The deputy stared at her. She was afraid he would pop the nasty wad back in his mouth and ignore her. Instead, he stood up and offered her his hand. It was the same hand that had been digging around in his mouth since she walked through the door. “Buster Boggs.”
She stared at the hand, the spit-stained forefinger a shade darker than his other fingers.
He laughed. “I don’t reckon I’d shake that hand, either.” He wiped the nasty digit across the thigh of his pants. “All right, tell me what the problem is.”
Geneva waved Atul and Chandra over. Boggs pulled out chairs for them and settled back into his own chair behind the desk. He rested a pencil on a yellow legal pad. “What happened?”
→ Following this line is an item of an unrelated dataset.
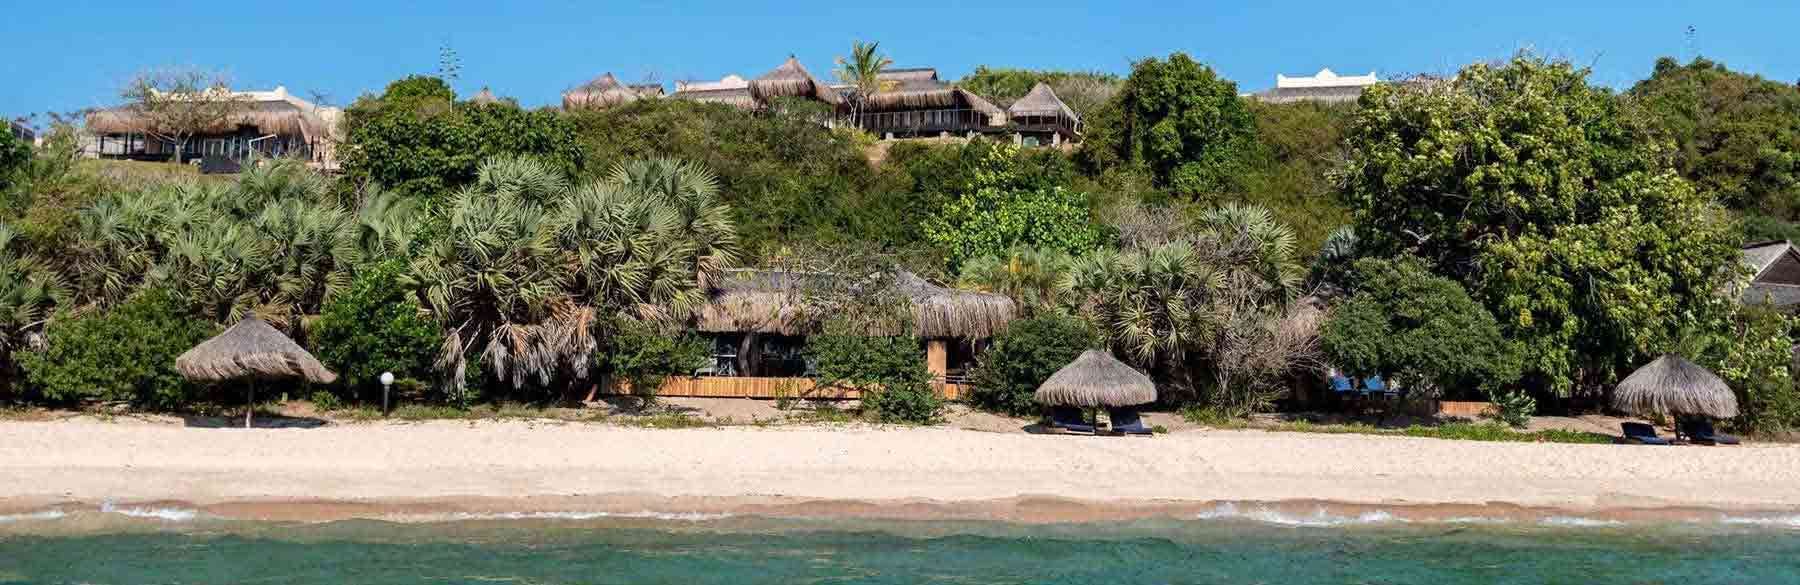 Anantara Bazaruto Island Resort and Spa
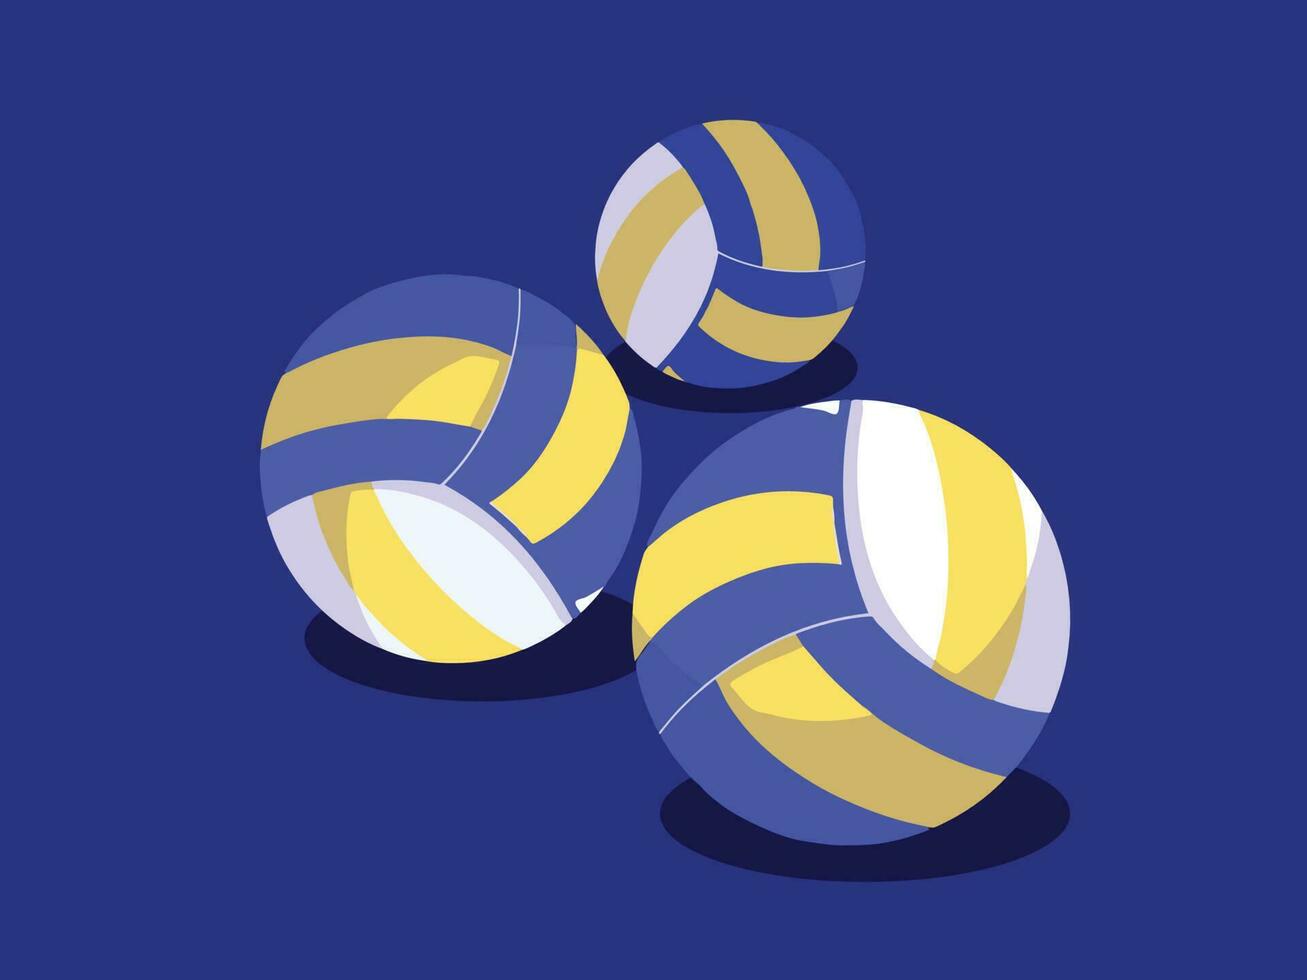 Tres voleo pelotas vector ilustración aislado en oscuro azul horizontal antecedentes. sencillo plano Deportes temática dibujo.

“My daughter witnessed a murder,” Atul said.
Boggs looked at Chandra. “Is that true? When did this happen?”
“Saturday night,” Chandra said. “I’m not sure about the time. Maybe ten? Maybe midnight? Near where the rivers come together.”
Boggs scribbled on the legal pad. “Why didn’t you come to us then?”
“I was scared.”
Atul leaned forward. “We don’t trust you. You did nothing when my wife was killed. You don’t care about us.”